# 1940 Girls Colson Blister Tank



## DonChristie (May 4, 2014)

I scored this Girls 1940 Colson on craigslist. I got it for a few reasons, I was hoping to get my wife to start riding, it is the same year as my Boys Snap tank Colson and this was the bike that I first restored when I was 16. Of course, when I was 16 it was only the frame and a collection of oddball parts. I always imagined it original and how it would look. She was quite a basket case when I got her. I am slowly collecting the correct parts. I am not sure how I will redo her. One thought is to spend an outrageous amount of money and do a full restore. The other is to restore as an original patina. Either way, I am dropping a lot of cash on a bike that will never be worth it.


----------



## Boris (May 4, 2014)

You are not alone in respect to spending too much on these girls standard models. In fact, When I saw the girls postwar for sale tonight for $100, I was ready to buy it only, to realize that it had just sold.


----------



## Cory (May 4, 2014)

Guilty as charged, I bought it. I had a moment of weakness. It was 180 shipped. I was actually thinking of you Don when I bought it. You had told me about the above bike and now I have one. Lol. Yours looks great and no money is lost on it when you are enjoying the hunt to get her together.  It was nice seeing you today in long beach, sorry we did not get to talk.

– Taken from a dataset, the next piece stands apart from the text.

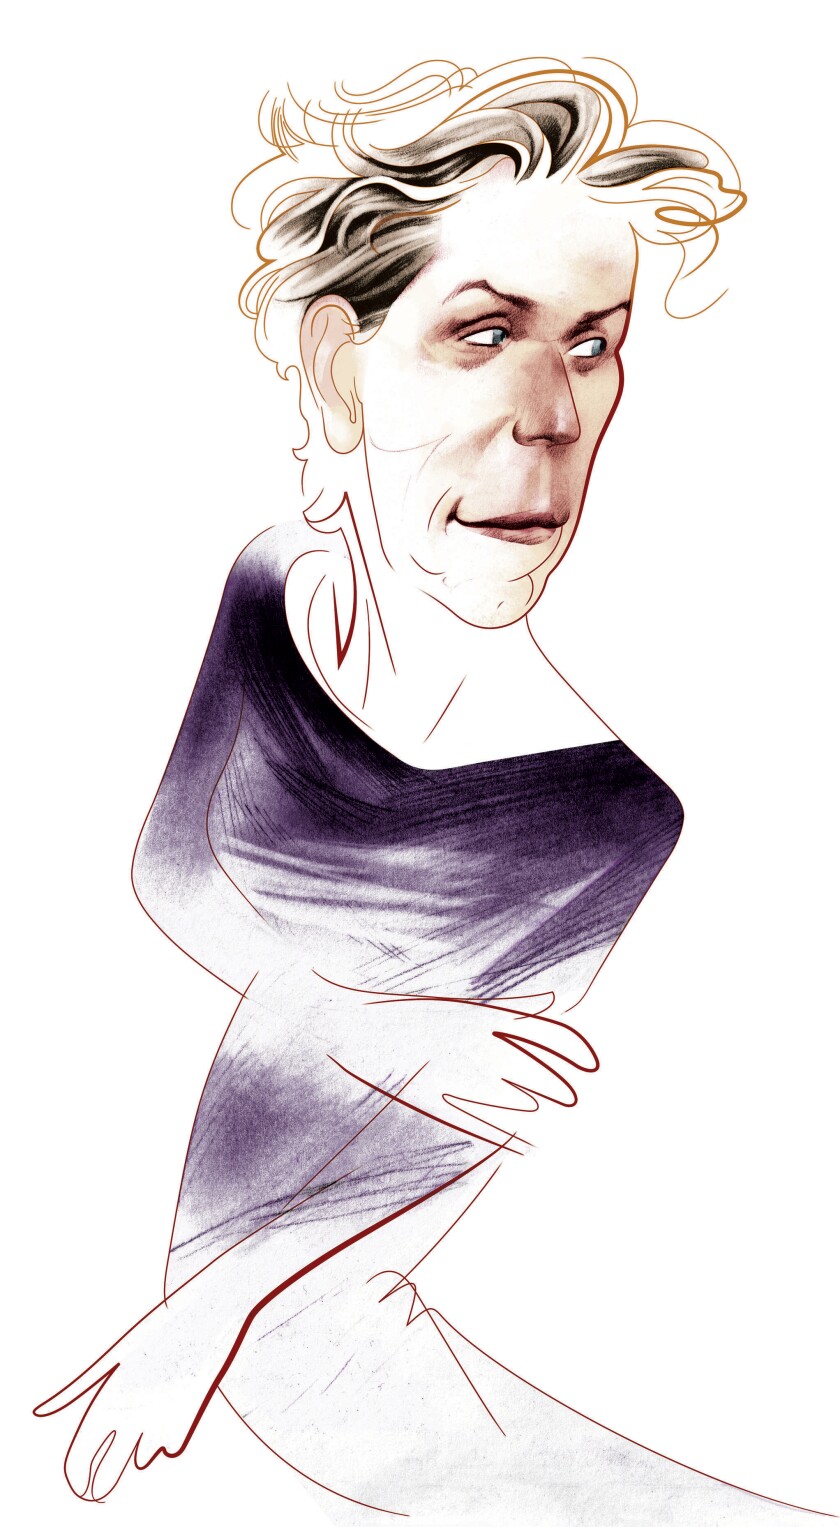 Illustration of actress Frances McDormand

Sent from my SAMSUNG-SGH-I527 using Tapatalk


----------



## DonChristie (May 4, 2014)

Funny story Dave, 2 weeks ago I made an offer on that same Colson and it was turned down. I then checked Craigs and this one magically appeared for less than my offer! Needless to say I jumped on it. So I have been doing some shopping for my Girl. I scored a fender set, Seat, Front loader light, Grips, Rear rack and Drop stand. It is now starting to look like it should! I thought it would be fun to keep a running tab for money spent, much like the National debt counter.
Bike-125
Rack-175
Seat-100
Grips-20
Drop stand-45
Fenders-65
Light-90

620 total so far! lol

Oh ya, I just bought a rear reflector from Catfish for her!
Reflector-50

$670


----------



## DonChristie (May 4, 2014)

Cory said:


> Guilty as charged, I bought it. I had a moment of weakness. It was 180 shipped. I was actually thinking of you Don when I bought it. You had told me about the above bike and now I have one. Lol. Yours looks great and no money is lost on it when you are enjoying the hunt to get her together.  It was nice seeing you today in long beach, sorry we did not get to talk.
> 
> Sent from my SAMSUNG-SGH-I527 using Tapatalk




Dang Cory, you are on a bike buying spree today! I saw that sweet Black prewar Schwinn you scored today! Sweet! Someday you and I can go ride our Girls Colsons together! lol


----------



## Cory (May 4, 2014)

I'm there!

Sent from my SAMSUNG-SGH-I527 using Tapatalk


----------



## Boris (May 4, 2014)

Cory said:


> Guilty as charged, I bought it.




Well, if you have buyers remorse, please let me know.


----------



## Cory (May 4, 2014)

I can't get rid of her now, Don and I are going for a ride.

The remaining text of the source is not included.